Avec nous le deluge (but the weekend was nice)

July 24th, 2007

Weather again. Some portions of England have experienced the worst flooding in 60 years over the last couple of days.

Watching the news last night, I’ve noticed a clear convergence of events. Deluge in England… Floods in Texas… Inundation in Bangladesh and China… Is it too late now to start building an ark?

The anchorwoman on the news asked her weatherwoman counterpart point-blank: “Is all of this the result of the global climate change?” The poor weather girl could only manage something along the lines of “We are studying it”…

At least, the overall British weather seems to refute any notion of global warming so far. I know I am going to jinx it eventually, but we have not yet felt the absence of air conditioning in the house. With July almost at its end, it is still reasonably cool and, truly according to stereotypes, consistently damp.

But let’s talk about our weekend exploits, for a change.

Despite intermittent rain, we did finally go to the Royal Botanic Gardens at Kew. To be honest, my approach to botanic gardens is once you’ve been to one, you’ve been to all of them. When I go to one, I am not looking to be impressed, but rather to spend a pleasant time walking around far away from car traffic and maybe incidentally learn something interesting along the way. But Kew Gardens is certainly an outstanding specimen of botanic gardens variety.

The gardens are vast, but walkable, with various “points of interest” in different corners. Strategically positioned numerous memorial benches (I came by one commemorating a Mrs. Neate “who loved these gardens” and her husband “who didn’t”) provide welcome respite in the shade. Impeccably maintained lawns are a prime real estate for picnics.

There are several glasshouses that contain enough educational information to keep the kids – as well as curious adults – engaged. In addition, there is a number of thematic gardens, which always go well with young ladies (the Rose Garden, which, unlike in many other places, is laid out on an open plaza, is utterly magnificent). Kids playground, beautiful vistas, quiet groves – for an unhurried day out, very little can beat a nice park.

We met up with our friends Anya and Ari and their cute toddler Ben, and spend the day alternating between spending the rainy spells inside glasshouses and the rest of the time strolling around. I foolishly at some point gave in to my children’s prodding to play tag with them – and seriously felt it afterwards.

At the Waterlilies House, the display was spiced up by sprouting pepper plants. Becky, and then Kimmy, thought nothing of harvesting a few fruits for themselves. A bit more than a few, actually. More than you would normally buy at a market. Of a dozen different varieties. Becky decided to try some there and then, but we ended up bringing home a fairly large pepper bounty.

Sunday was spent visiting our friends Anya and Alex. We literally sat down at the table around 3pm and got up when it was time to go back home about six hours later. Anya, as is her custom, produced a multi-course dinner. Unlike British aristocracy, I had red wine with fish, but it was delicious nonetheless. Catching up with friends is always nice…

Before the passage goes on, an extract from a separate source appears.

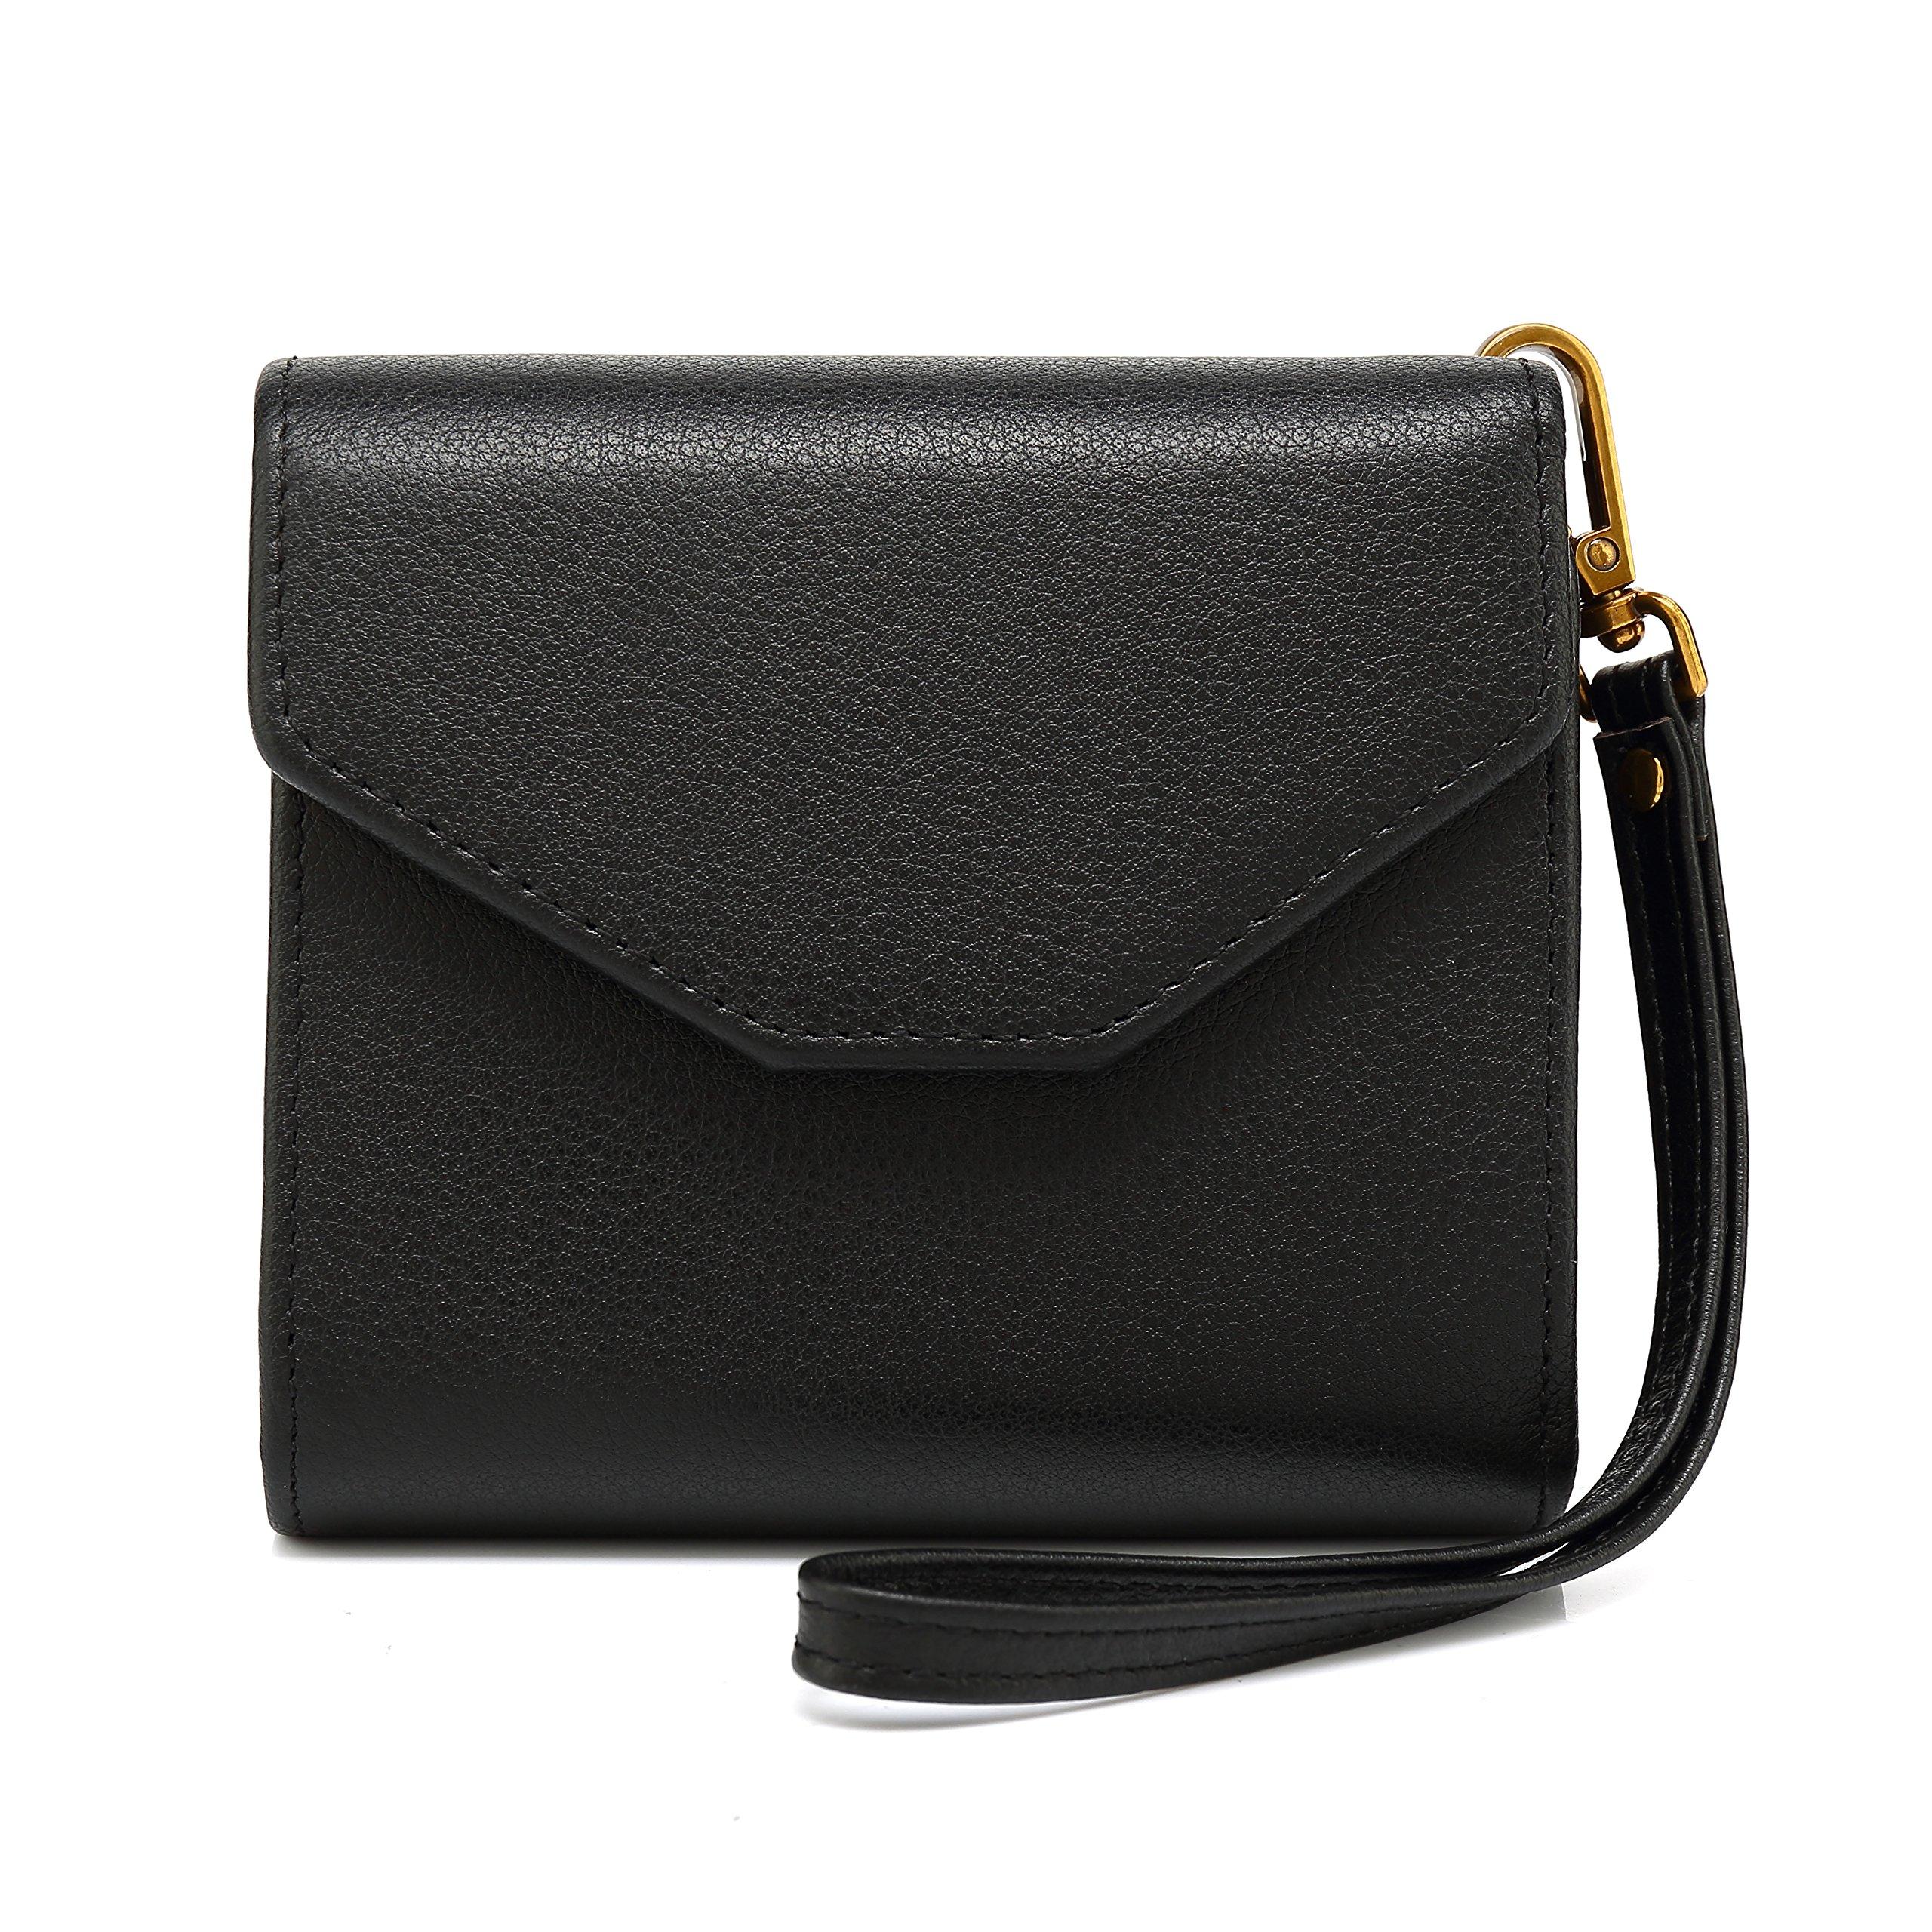 Pomoda RFID Blocking Wallet, Envelope Style Leather Wallet Fashion Pocket (Black)

The elder Popivker kid, Arthur, has grown old enough to overcome his erstwhile shyness, and played very amiably with adult and kid visitors alike. At some point, as Kimmy decided to busy herself with some drawing, he positioned himself to her side and spent quite a long time quietly observing…

For the grand finale today, a couple of totally unrelated items.

We have pre-ordered the last Harry Potter book, and it arrived on our doorstep on Saturday morning. Becky immediately dived into it, and is close to finishing it up. I am slightly surprised to say that mass hysteria has touched me as well – I am just a bit anxious to read the book after she is done. Normally, I am perfectly fine to wait until the book comes out in the mass market paperback edition, relieving me from the need to lug a huge tome around in my bag. Not this time.

Natasha was eating a piece of a chocolate bar last night, when we noticed a label with the word Vegetarian on the wrapping. It was like a revelation to me. So, that’s why I don’t particularly like chocolate – it has no meat in it! Who knew?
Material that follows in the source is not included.